Performance: speed on WebM/VP8 decoding won’t be as good as the Ogg/Theora decoder for now so may not be suitable for mobile devices, but should work fine on many laptop/desktop machines.

VP9: untested so far, but should work… though again, likely to be still slower than VP8.

Threading: currently threading is disabled in the build. There’s work ongoing at Mozilla to support pthreads for emscripten programs, using a new SharedArrayBuffer interface to share memory between Web Worker threads. Might experiment with that later as libvpx has some threading options (may only be useful for VP9 multi-slice decoding for now) but it’ll be a while before most browsers support it.
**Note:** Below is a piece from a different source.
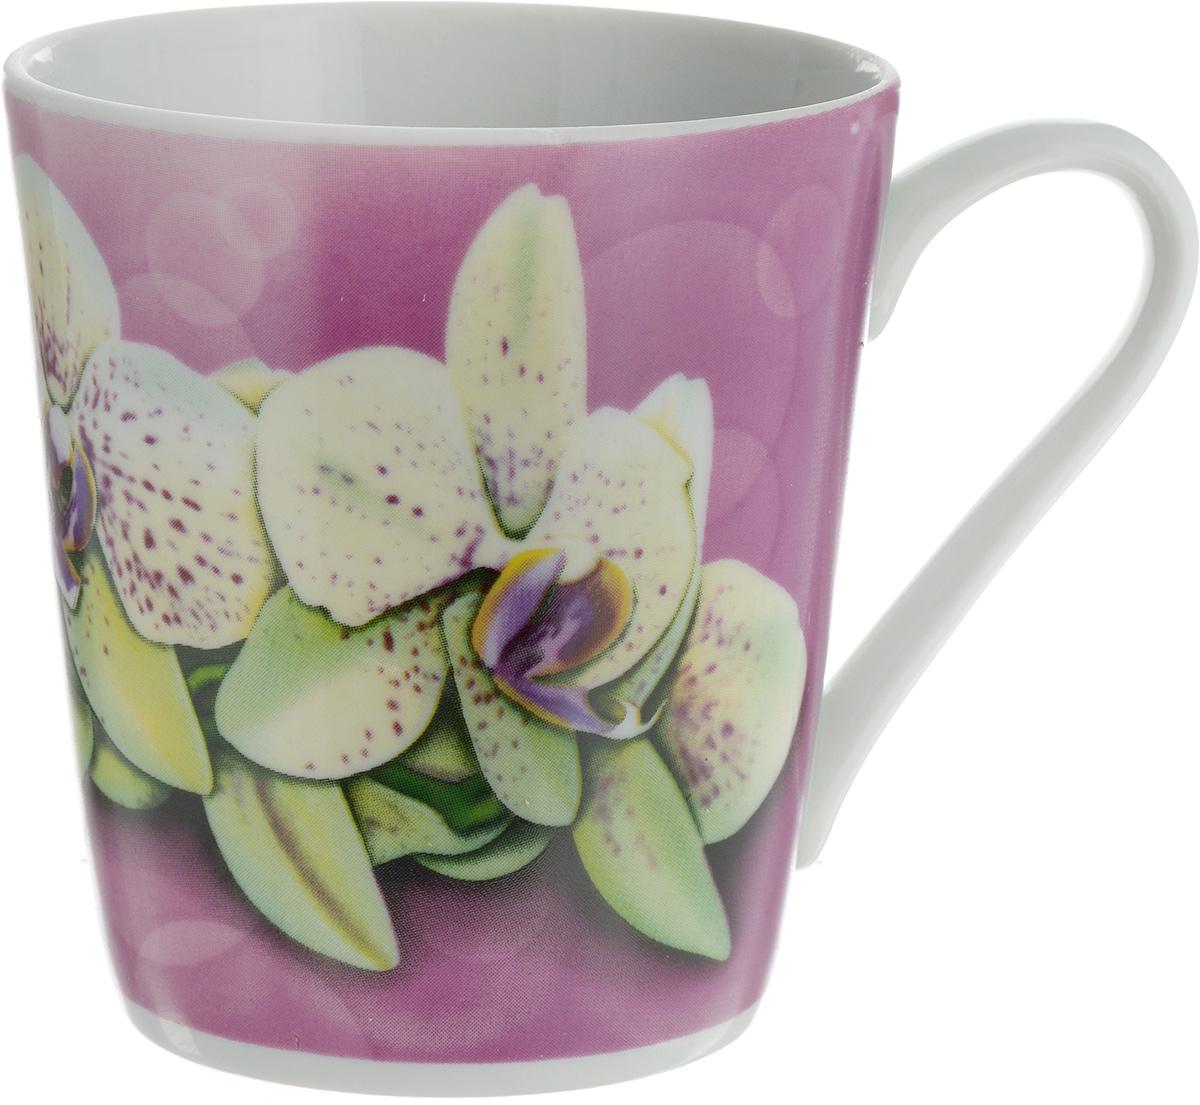 Кружка Классик. Орхидея, цвет: сиреневый, белый, 300 мл115510Кружка Классик. Орхидея изготовлена из высококачественного фарфора. Изделие оформлено красочным рисунком и покрыто превосходной сверкающей глазурью. Изысканная кружка прекрасно оформит стол к чаепитию и станет его неизменным атрибутом.Диаметр кружки (по верхнему краю): 8,5 см.Высота кружки: 9,5 см.

However this might be a good use case for asking Microsoft and Apple to add support. :)

SIMD: there’s also ongoing work on SIMD instruction abstraction in JavaScript, with Mozilla and Microsoft partnering. Will have to test with autovectorization in the compiler enabled and see if it makes any difference to decode speed, but don’t know how complete the support in Firefox and Edge is etc.